I camionisti proseguono parlando di “fiamme partite da terra, non da sopra e subito alte decine di metri in mezzo alla lunga fila di serbatoi del bitume”, del fumo che in un attimo ha oscurato il cielo rendendo difficile, se non impossibile qualsiasi manovra. Paura, rabbia, tristezza, si mescolano e si confondono nelle prime ore dopo il disastro, quando i feriti ufficiali sono tre e del quarto uomo coinvolto si sono perse le tracce, ma in ogni caso per i colleghi di Parisse c’è la certezza quasi assoluta che non si è trattato di un errore, di una malaugurata svista al momento del carico.

“Sono sicuro al 95 % che l’errore non è stato dell’autotrasportatore – assicura uno dei colleghi che conosceva bene Sebastiano Parisse definito ‘lavoratore serio e prudente’ – chi fa questo lavoro è super specializzato, ci sono quelli che caricano la benzina, altri il gas, altri ancora il bitume, quindi ognuno sa bene come, e con quali cautele, deve trattare il prodotto perché è lui stesso ad infilare il tubo e a controllare il livello raggiunto, gli operai dell’Api, uno o due, stanno lì solo a verificare che tutto sia regolare. Per me le fiamme sono partite dall’impianto, non dal mezzo”.

Camionisti e padroncini piuttosto mettono l’accento sulla questione sicurezza che in quella zona “è carente”. “L’area del bitume – affermano – è la stessa di 30 anni fa, i più anziani lo sanno bene e l’hanno fatto notare; dopo l’incidente del ’99 ci sono stati ammodernamenti nella parte del gasolio, ma lì niente, non ci va mai nessuno a dare un’occhiata e il risultato è questo”.
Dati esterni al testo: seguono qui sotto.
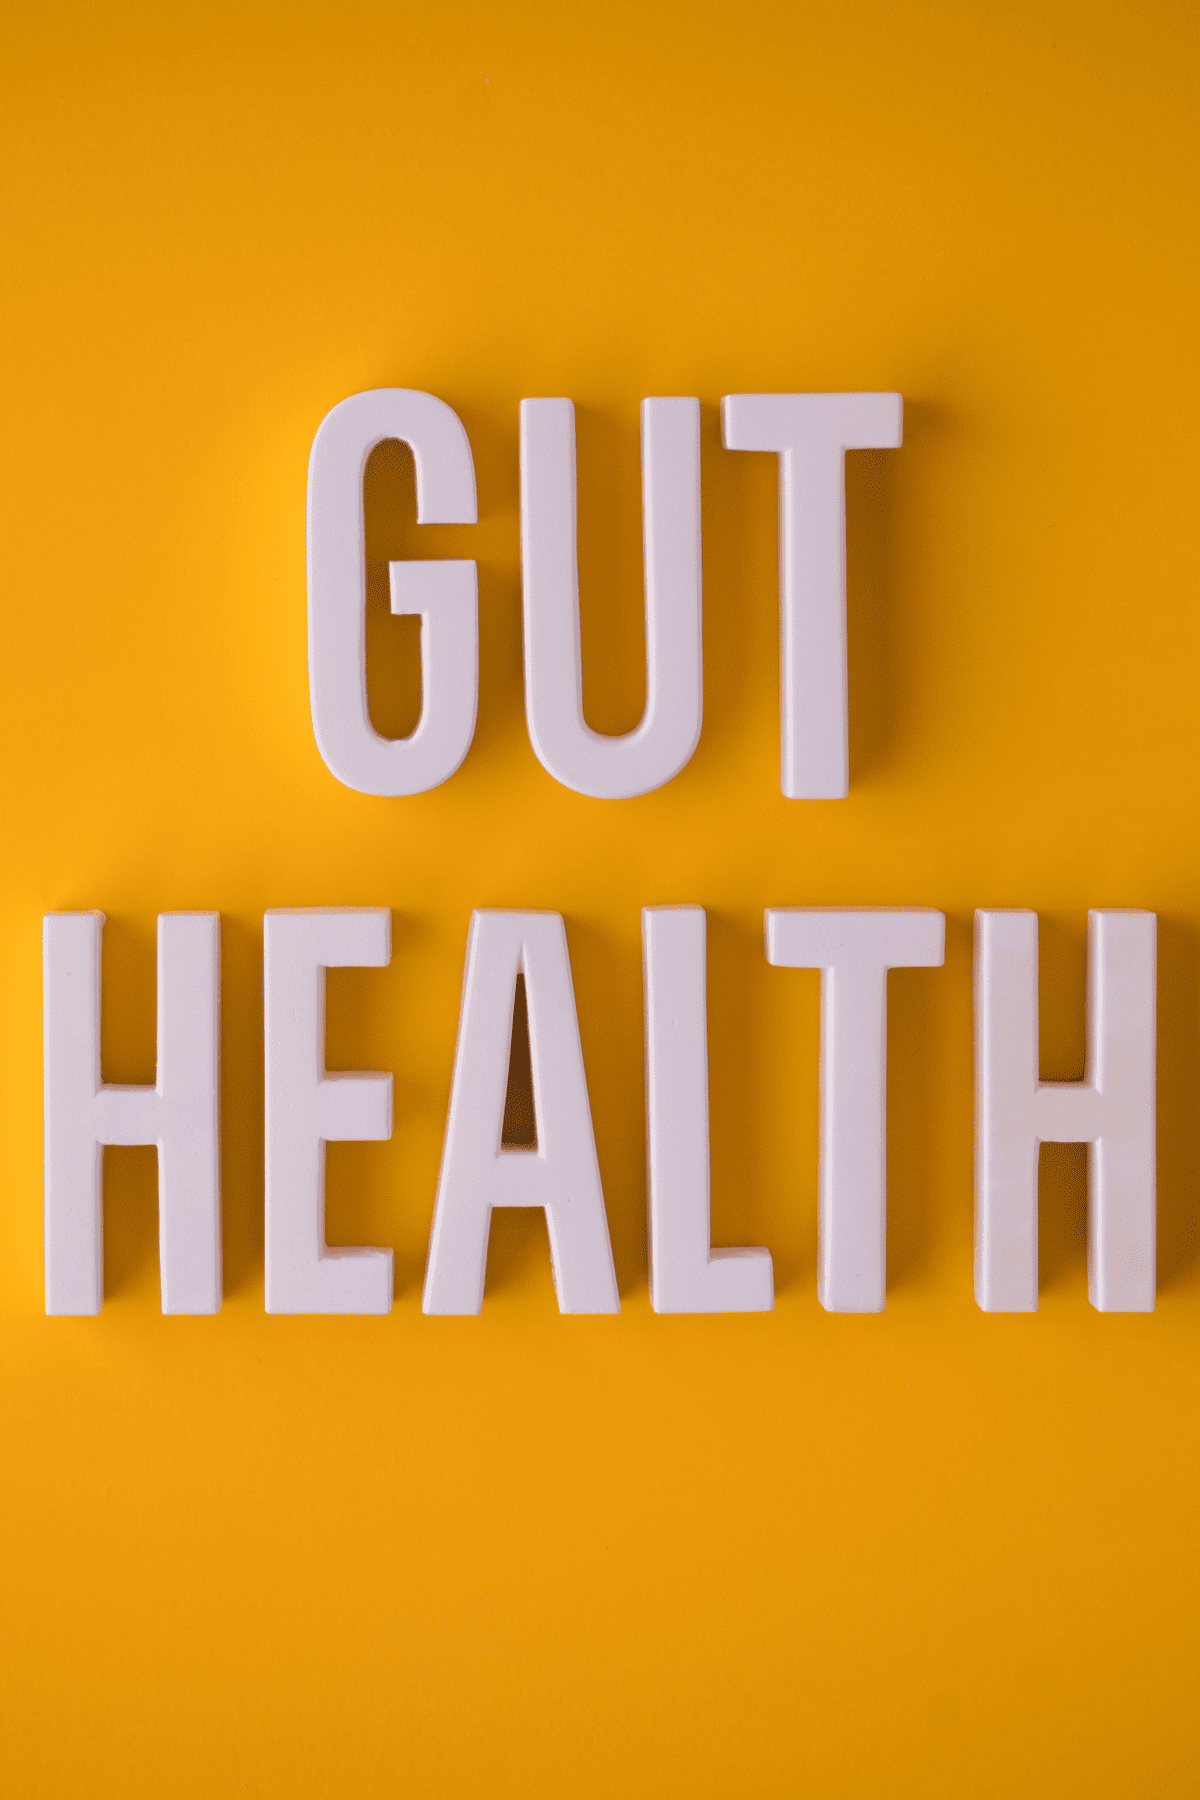 a sigh that reads "gut health"

Su questo, peraltro, ci sono pareri non concordi. “Mi pare che in questi anni - spiega infatti un altro camionista - l'Api abbia fatto passi in avanti nella sicurezza. Per quello che riguarda la gran parte dei carichi il controllo è computerizzato quindi se c'è qualcosa che non va si ferma il sistema. Circa il personale c'è rigore nel rispetto delle normative sull'abbigliamento e se uno 'sgarra' non viene neanche fatto entrare. Le garanzie ci sono e tra l'altro tra chi carica gli unici ad essere, diciamo così, vicini ai materiali sono quelli che 'fanno' il bitume perché è il meno pericoloso. Invece…”.